With magic, apparently. The thestral looked at the door, and Harry caught a faint glimpse of a shiny, slimy mind rolling over next to him, demanding that the barrier cease to exist because the thestral wanted it so. The door opened, and the thestral went out, its long, thin legs negotiating the steps down to the common room better than Harry thought a centaur could have done. Now and then it hunched its shoulders to pass through a narrow gap; Harry ducked when it did.

The common room door opened the same way. In the wide dungeon corridors, the thestral began to trot, wings flagging up and down as if to hurry it forward. Harry could hear the click of its hooves now, from a distance, like dice made of bone. But no one opened the doors they hurried past, and then they were up the stairs into the entrance hall, and through the open doors and into the courtyard, and the thestral spread its wings.

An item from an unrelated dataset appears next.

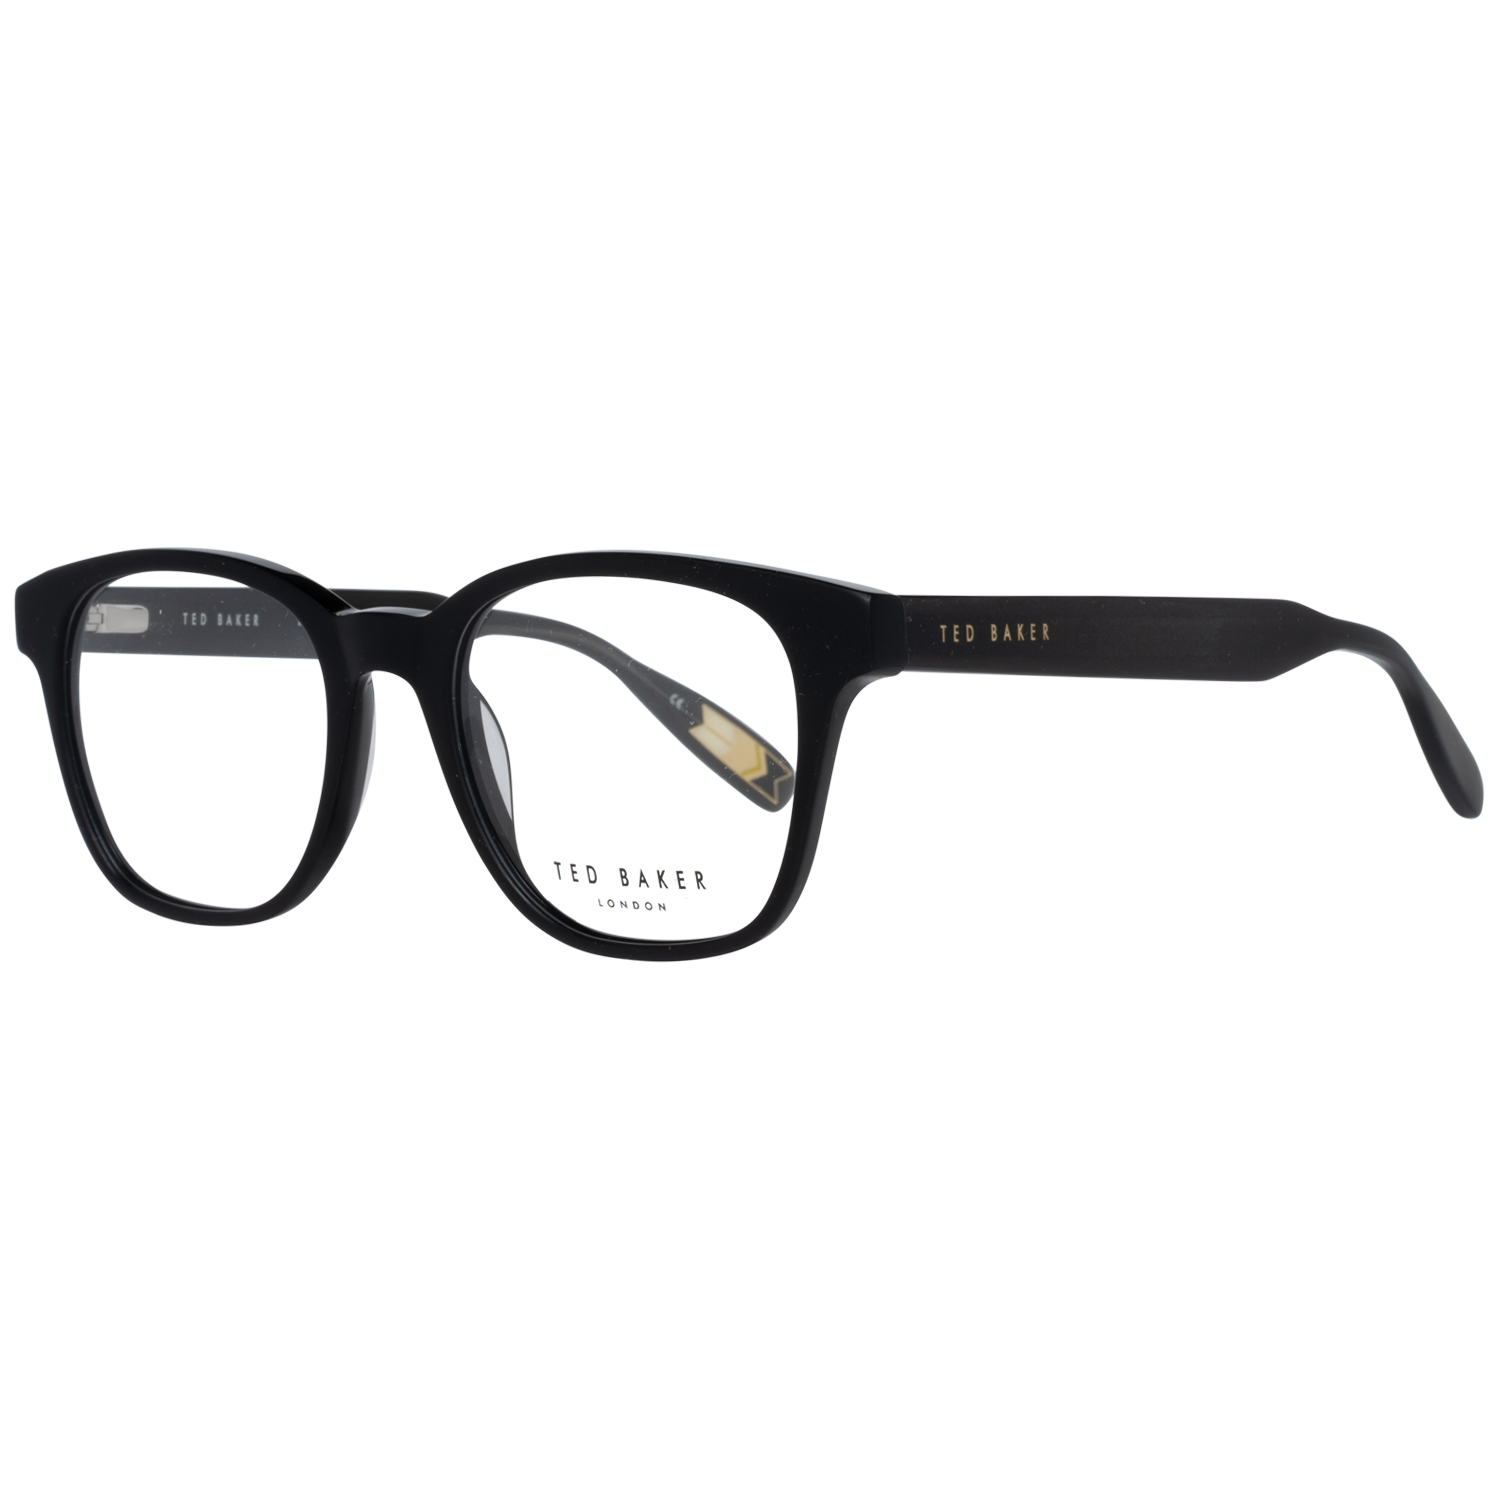 Ted Baker Frames Ted Baker Optical Frame Prescription Glasses TB8211 001 51 Magali Eyeglasses Eyewear UK USA Australia

Harry had only ridden one of the great horses once, in his fourth year soon after his freeing of Dobby, and he had forgotten how different the sensation was from sitting a broom. Glory thrilled through his muscles as they soared upward, and he could hear the wild Dark singing in the distance. Of course it was singing, it was near Walpurgis and it always sang then, but Harry thought sitting on a thestral's back made him peculiarly suited to hear it.

Something sparked in the air next to him, and then a black wolf paced the skies there, green eyes shining at him over the fur, a brilliant silver lightning bolt scar on its head. Harry nodded in wary greeting to the wild Dark. This was the form it had worn when it had tried to corrupt and seduce him after Bellatrix had cut off his hand.

The wolf only threw back its head and howled joyously, though, and Harry heard the howl as he had once heard Fawkes's voice, bringing him an image of what was to come. Many things change this night. We welcome a new comrade, and the Bony People go home.

"Bony People?" Harry asked, but the wolf turned and sped away, losing coherence in the dark spaces among the stars. Harry shook his head and faced forward again.

The thestral was circling over the Forbidden Forest now, which swarmed with strands of silvery fog like reflected moonlight. Harry could see the blue chains, too, which he knew connected the thestrals in long slave coffles. They all seemed to be moving towards a certain place in the center of the Forest, and he wasn't surprised when the thestral he rode slanted down towards it, wings beating only every now and then as needed, to propel it forward.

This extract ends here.